Another game of poker, only lost 50 pesos.

Saturday
Left the beach - changed mind about staying until the weekend for the Jazz Festival - and with dog in tow, still loving it. Arrived in Tehuantepec, staying at a nice cosy motel in town, 5 sharing 2 double beds pushed together (no funny business). Dog inside because kid scared of him being playful.

Sunday
Left Teohuantepec, after checking out Sunday market soon after sunrise while everyone setting up. Lush to see the calm before the storm.

Oaxaca

Friday 31/10 - Tuesday 4/11/2008

Friday - Oaxaca, Halloween
Took car to mechanic to have transmission fixed, making increasingly disturbing noises. Cost estimate at 10,000 pesos maximum.
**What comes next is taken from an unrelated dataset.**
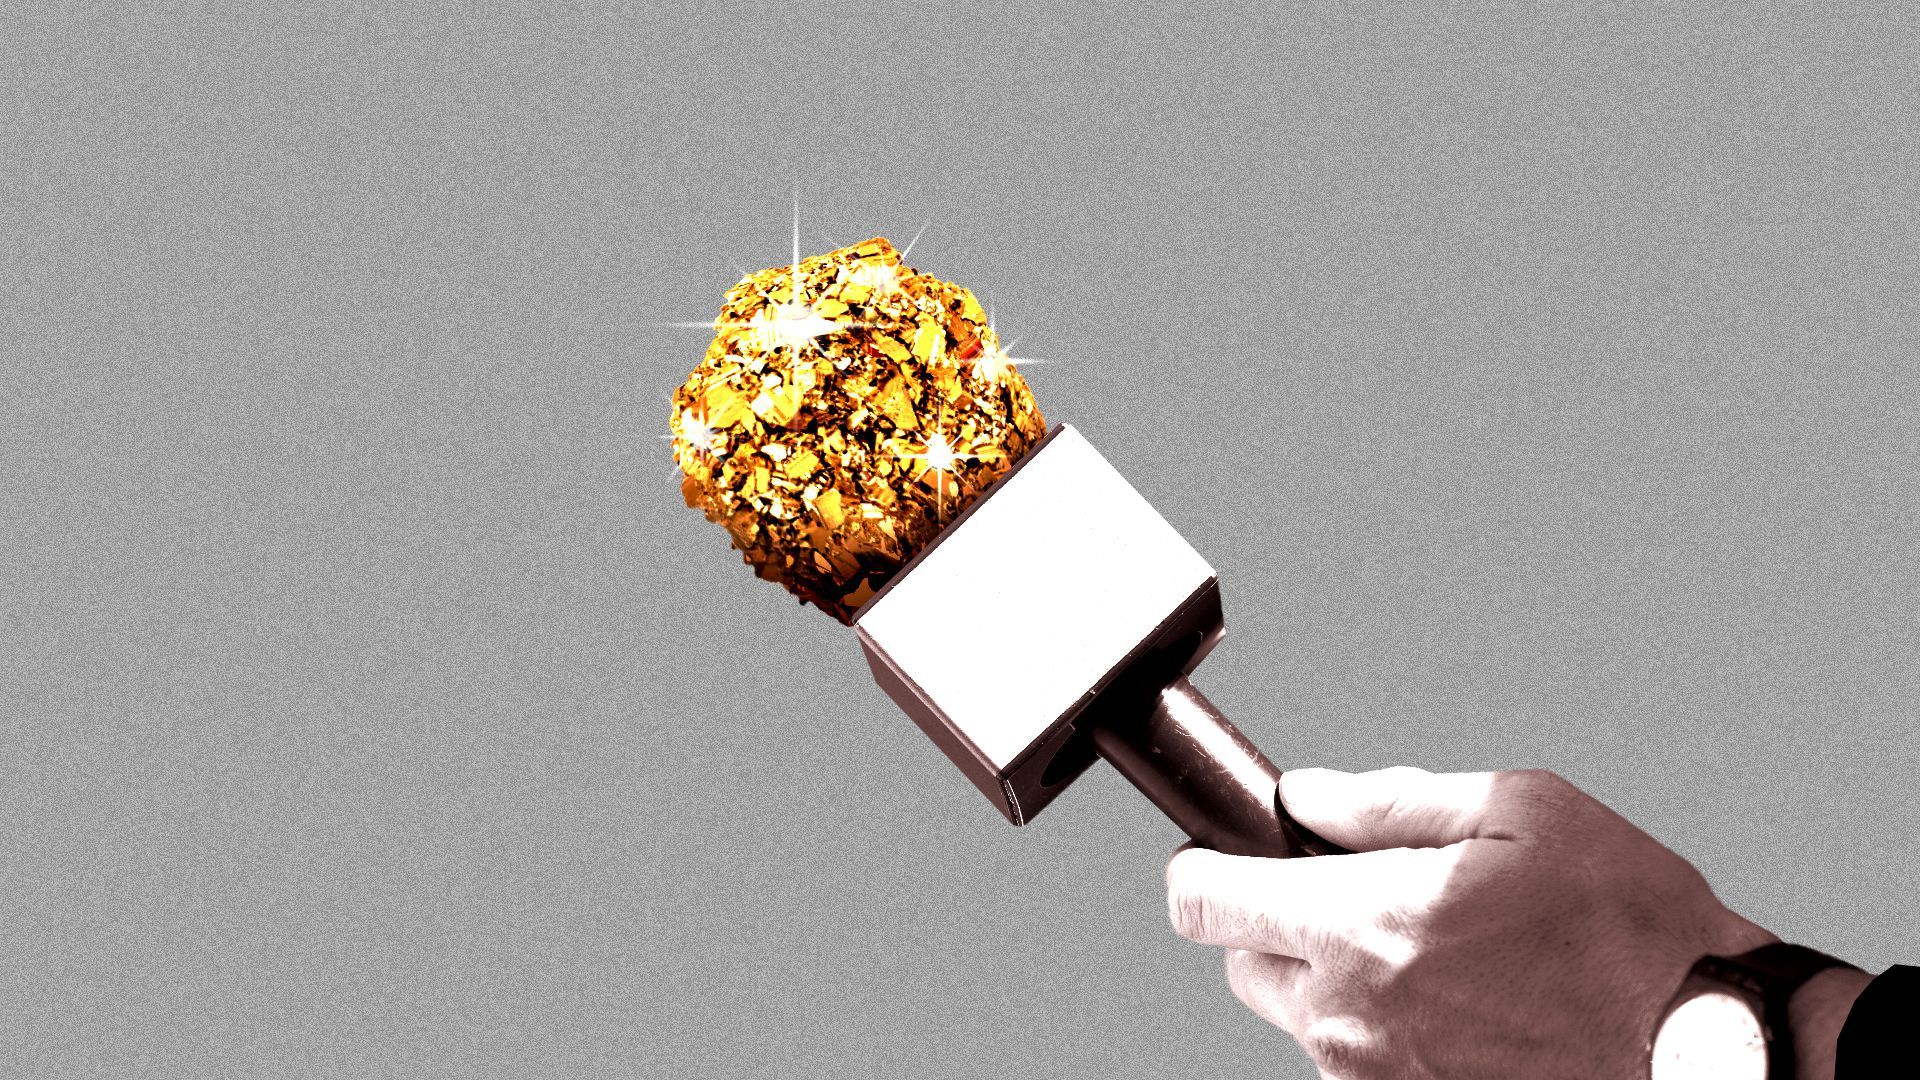 Illustration of a news microphone with a gold nugget for a top

Ouch. Called back later, transmission now in pieces and will cost 19,000 pesos - that's £1000 - more money as transfer chain also needs replacing. Barter to 15000, then 14000 pesos. Still outrageously expensive for South Mexico. But they kinda have us by the balls, with the transmission in pieces. Parts cost 4 times what they cost in the US, but no time... hence price.

Eve dressed in my braces and trousers outfit, looking sharp.

Jay and 15ft tall paper mache dude

Dancing down the streets, crazed salsa soundclash - as soon as one stopped the next started, passing bottles of mezcal around between smiling strangers, failed to find a good bar despite getting sent over to a place with a live band by the bartender of the sister venue - they wouldn't let us in.

Saturday - Day of the Dead, Oaxaca
Morning went to cemetary. Lots of flowers, bright colour. Highlight - awning and patio grave with table and chairs. Symbolic of the light yet reverential atmosphere, where people still smiled at each other and said hello.

Extremely tasty street food - hard to get a handle on what's called what though - empandadas, tlayudas...

Partied at the cemetary/graveyard, with a carnival set up outside, inside with 2 brass street bands playing a soundclash, playing a twisted up salsa/cumbia/merengue mashup, with an experimental jazz vibe thrown in. Hard to dance sensibly to but easy to get down... in the graveyard. The atmosphere was incredible - drinking and dancing and livin it up, in the most unlikely (from a non-Mexican perspective) of places. The Day of the Dead is a pre-Columban festival, celebrating the dead. Replete with skeleton imagery, the dead are treated with reverence and respect, and celebrated as people do best - by having fun.

Sunday
Watched film at hostel, a great place called Banana Magic Hostel. Nice airy but part covered courtyard, rooftop patio garden, with kitchen, internet, dorm beds for 70 pesos.

Monday
Last day in Oaxaca, tried to sort out some film contacts. The 'Cine 8 Cafe' is run by a not particularly political couple, so not much use. Pablo, the hostel owner, is trying to get a friend of his to meet me, we keep missing each other. He's a film buff, probably with some useful ideas.

Tuesday
Decide to leave for San Jose del Pacifico by bus, a few hours South, while car is at mechanic, with some people from the hostel - Damian, a bearded mountain goat from Boulder, Colorado, US , Jay Tostado, a Mexican guy from Tijuana with a very funny name - "Hey man, I'm Jay Tostado", Chantelle, a reserved black London girl, and Julia, the squeamish German psychology student who Jay really wanted to score with (some names changed to protect the guilty).
Stayed at a cabaña, with an awesome mountainside view down the West side of the valley.